-------- EXCERPTED RECORDS --------

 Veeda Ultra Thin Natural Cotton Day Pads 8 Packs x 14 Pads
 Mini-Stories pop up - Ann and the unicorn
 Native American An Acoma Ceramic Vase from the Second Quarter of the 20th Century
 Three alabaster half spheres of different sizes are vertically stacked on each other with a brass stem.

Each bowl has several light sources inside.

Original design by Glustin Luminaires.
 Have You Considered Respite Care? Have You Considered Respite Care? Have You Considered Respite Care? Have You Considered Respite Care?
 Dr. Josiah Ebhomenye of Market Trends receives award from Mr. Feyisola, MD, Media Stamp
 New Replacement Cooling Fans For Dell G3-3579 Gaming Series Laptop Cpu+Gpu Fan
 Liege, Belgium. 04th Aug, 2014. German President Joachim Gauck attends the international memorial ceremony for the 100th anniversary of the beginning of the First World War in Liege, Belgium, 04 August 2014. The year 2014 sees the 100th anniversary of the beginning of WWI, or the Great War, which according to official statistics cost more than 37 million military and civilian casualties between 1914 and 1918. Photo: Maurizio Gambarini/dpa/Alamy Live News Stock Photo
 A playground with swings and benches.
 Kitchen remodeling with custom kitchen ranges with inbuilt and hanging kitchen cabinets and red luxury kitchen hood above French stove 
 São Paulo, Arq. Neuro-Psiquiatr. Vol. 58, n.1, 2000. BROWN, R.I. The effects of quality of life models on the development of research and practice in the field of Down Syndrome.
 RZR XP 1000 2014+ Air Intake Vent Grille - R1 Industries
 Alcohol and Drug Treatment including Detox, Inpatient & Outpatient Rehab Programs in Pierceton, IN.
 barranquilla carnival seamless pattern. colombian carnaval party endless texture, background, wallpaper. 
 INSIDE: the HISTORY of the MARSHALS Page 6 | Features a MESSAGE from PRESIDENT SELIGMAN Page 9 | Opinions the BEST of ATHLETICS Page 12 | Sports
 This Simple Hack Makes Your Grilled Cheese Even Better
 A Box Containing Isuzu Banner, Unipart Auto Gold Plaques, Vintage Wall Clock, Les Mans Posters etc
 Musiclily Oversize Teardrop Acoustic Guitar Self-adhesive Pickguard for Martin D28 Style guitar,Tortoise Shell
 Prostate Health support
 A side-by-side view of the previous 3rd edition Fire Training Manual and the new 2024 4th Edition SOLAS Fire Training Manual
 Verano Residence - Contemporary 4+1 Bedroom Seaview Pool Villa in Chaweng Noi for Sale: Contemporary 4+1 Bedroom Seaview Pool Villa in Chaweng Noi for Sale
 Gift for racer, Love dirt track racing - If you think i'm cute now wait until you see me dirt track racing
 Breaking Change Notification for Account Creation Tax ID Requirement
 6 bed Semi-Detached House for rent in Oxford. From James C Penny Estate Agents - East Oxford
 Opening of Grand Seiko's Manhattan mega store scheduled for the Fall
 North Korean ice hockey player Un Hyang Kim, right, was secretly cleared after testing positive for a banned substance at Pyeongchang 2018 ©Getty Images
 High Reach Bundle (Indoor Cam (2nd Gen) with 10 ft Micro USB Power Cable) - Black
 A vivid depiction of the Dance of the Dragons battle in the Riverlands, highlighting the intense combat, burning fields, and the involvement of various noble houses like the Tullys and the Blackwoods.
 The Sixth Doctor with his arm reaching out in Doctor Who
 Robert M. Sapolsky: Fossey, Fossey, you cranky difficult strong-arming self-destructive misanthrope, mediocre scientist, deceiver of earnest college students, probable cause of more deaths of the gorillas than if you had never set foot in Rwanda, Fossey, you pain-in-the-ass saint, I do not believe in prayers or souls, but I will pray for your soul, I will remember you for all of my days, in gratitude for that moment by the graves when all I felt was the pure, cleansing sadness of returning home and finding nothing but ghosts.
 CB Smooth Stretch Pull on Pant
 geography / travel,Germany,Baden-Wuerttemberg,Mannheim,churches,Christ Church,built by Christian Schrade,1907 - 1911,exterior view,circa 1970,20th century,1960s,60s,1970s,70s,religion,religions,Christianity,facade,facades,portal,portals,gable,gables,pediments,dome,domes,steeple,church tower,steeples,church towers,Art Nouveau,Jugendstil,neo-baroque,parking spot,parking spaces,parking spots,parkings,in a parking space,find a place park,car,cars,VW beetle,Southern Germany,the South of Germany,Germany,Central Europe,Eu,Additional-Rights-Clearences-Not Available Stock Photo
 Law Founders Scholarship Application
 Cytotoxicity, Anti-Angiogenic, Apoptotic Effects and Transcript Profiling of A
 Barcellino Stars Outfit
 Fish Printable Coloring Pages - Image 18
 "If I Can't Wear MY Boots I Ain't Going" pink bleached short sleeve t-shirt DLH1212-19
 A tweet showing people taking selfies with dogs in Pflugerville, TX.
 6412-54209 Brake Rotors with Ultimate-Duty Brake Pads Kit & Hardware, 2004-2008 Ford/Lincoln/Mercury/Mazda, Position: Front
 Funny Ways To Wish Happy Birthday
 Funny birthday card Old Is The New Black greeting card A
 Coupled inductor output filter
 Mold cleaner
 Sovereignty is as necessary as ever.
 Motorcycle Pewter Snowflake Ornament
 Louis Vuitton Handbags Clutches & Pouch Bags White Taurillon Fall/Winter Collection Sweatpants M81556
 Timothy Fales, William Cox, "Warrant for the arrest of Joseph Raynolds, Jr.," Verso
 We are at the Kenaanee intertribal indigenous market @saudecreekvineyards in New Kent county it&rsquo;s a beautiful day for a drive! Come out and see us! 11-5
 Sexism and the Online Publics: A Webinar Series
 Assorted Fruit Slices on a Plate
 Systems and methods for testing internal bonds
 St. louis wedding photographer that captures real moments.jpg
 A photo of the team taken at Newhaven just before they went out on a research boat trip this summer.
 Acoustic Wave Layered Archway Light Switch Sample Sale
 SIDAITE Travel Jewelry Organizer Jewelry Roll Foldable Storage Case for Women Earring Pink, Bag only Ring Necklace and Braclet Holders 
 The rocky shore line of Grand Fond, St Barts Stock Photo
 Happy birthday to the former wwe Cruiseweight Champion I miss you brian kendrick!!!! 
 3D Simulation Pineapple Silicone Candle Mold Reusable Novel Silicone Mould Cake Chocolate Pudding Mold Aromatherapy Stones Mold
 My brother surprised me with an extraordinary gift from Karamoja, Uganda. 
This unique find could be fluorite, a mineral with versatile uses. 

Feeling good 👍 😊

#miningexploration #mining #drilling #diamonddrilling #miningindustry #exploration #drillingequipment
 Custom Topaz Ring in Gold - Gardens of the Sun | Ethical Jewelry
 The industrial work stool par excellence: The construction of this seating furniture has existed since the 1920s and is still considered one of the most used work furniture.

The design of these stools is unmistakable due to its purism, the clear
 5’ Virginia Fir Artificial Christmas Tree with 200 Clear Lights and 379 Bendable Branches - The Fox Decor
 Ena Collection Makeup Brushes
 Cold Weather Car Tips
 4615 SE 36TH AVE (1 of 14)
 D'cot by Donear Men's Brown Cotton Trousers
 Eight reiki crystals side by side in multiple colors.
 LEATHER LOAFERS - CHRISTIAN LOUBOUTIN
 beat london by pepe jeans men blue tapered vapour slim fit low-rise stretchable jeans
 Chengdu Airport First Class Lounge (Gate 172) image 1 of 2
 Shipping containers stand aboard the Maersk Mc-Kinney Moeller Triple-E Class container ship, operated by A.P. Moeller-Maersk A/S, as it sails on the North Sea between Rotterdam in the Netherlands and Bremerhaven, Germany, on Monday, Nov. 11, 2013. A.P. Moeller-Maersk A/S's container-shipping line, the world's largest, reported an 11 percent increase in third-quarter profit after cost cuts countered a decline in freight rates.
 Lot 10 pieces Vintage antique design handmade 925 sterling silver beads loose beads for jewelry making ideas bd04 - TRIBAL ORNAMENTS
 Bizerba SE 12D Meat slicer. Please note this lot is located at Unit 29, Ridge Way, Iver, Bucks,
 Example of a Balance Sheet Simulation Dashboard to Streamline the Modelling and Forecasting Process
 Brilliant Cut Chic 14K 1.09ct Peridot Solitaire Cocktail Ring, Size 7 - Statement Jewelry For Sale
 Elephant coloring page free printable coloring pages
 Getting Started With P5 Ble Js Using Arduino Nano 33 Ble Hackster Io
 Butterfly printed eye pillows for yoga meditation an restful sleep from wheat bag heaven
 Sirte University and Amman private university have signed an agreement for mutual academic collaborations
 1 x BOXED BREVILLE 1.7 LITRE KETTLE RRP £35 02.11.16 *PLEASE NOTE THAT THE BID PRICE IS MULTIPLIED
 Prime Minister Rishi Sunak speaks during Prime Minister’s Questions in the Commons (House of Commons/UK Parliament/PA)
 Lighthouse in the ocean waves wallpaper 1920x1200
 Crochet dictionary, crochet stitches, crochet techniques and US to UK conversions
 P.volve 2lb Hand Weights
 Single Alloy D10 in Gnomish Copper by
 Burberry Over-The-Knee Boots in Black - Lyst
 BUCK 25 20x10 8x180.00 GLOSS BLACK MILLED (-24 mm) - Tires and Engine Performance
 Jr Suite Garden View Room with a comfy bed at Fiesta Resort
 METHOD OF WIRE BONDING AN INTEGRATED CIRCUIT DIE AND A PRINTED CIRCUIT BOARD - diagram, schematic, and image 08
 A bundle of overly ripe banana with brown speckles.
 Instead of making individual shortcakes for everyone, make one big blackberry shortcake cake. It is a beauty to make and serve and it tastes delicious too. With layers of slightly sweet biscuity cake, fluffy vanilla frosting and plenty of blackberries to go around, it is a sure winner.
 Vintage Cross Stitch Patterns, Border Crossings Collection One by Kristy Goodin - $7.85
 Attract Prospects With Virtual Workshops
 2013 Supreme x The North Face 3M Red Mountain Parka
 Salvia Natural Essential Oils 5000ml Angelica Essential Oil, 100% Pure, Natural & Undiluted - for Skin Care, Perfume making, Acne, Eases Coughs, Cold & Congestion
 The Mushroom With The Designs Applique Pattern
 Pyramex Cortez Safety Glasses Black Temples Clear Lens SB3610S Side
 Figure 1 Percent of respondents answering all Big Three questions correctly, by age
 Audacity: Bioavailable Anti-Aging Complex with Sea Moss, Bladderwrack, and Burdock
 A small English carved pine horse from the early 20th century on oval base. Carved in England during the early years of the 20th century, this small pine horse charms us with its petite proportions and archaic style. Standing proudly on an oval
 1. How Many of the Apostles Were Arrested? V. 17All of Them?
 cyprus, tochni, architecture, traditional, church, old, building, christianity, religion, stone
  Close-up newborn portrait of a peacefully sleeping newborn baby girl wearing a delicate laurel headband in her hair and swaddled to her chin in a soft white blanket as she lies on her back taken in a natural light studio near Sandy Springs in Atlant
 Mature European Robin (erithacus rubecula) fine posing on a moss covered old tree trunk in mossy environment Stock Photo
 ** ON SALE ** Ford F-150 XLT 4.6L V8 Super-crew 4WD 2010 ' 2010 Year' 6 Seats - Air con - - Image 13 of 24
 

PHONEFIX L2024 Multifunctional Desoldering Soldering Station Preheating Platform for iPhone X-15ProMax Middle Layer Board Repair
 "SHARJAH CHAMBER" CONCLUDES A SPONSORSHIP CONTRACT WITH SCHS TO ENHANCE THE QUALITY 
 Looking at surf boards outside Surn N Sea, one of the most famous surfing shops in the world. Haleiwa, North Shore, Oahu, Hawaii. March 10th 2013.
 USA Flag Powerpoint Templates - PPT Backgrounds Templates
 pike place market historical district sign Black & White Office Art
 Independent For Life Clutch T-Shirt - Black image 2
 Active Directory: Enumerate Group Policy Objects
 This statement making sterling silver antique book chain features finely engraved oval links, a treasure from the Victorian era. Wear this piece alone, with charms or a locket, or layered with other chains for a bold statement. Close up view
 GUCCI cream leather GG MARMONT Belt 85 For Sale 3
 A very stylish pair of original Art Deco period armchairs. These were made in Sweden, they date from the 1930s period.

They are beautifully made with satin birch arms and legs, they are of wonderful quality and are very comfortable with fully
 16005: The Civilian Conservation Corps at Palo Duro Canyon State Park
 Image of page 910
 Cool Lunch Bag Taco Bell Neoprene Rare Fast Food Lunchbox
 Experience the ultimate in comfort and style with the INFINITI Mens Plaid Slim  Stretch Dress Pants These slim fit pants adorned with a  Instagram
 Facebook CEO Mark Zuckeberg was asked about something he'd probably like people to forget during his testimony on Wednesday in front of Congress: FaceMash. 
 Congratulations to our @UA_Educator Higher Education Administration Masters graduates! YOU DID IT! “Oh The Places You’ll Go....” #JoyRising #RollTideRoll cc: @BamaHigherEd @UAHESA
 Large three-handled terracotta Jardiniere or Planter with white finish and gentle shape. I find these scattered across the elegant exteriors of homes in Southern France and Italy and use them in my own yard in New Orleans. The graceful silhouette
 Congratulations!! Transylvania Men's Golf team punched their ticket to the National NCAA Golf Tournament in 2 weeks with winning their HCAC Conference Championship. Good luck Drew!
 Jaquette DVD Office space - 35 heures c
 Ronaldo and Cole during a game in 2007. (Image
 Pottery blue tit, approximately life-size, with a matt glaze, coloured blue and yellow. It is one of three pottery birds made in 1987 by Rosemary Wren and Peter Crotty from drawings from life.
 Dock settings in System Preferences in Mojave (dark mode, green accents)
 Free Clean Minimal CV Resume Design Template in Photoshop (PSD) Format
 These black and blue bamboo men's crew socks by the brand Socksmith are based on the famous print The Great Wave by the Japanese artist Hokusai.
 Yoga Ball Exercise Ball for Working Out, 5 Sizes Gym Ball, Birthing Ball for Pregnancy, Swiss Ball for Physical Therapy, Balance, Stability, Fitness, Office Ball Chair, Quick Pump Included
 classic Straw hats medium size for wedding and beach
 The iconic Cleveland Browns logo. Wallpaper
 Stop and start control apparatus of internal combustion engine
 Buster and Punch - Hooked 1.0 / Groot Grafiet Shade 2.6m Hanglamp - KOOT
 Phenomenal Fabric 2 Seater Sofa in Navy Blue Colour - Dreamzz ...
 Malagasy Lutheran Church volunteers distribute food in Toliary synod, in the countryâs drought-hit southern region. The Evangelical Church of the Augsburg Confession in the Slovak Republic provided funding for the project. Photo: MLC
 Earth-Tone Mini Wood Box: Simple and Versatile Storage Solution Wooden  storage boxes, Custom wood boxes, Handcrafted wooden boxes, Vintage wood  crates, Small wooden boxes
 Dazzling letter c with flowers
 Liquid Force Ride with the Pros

--------

Would you output, from the records above, exactly the run of lines that starts at the line containing "Sovereignty is as necessary as ever." and ends at the line containing "SIDAITE Travel Jewelry", and only that run?

▸ OUTPUT FOR THIS TASK:
 Sovereignty is as necessary as ever.
 Motorcycle Pewter Snowflake Ornament
 Louis Vuitton Handbags Clutches & Pouch Bags White Taurillon Fall/Winter Collection Sweatpants M81556
 Timothy Fales, William Cox, "Warrant for the arrest of Joseph Raynolds, Jr.," Verso
 We are at the Kenaanee intertribal indigenous market @saudecreekvineyards in New Kent county it&rsquo;s a beautiful day for a drive! Come out and see us! 11-5
 Sexism and the Online Publics: A Webinar Series
 Assorted Fruit Slices on a Plate
 Systems and methods for testing internal bonds
 St. louis wedding photographer that captures real moments.jpg
 A photo of the team taken at Newhaven just before they went out on a research boat trip this summer.
 Acoustic Wave Layered Archway Light Switch Sample Sale
 SIDAITE Travel Jewelry Organizer Jewelry Roll Foldable Storage Case for Women Earring Pink, Bag only Ring Necklace and Braclet Holders 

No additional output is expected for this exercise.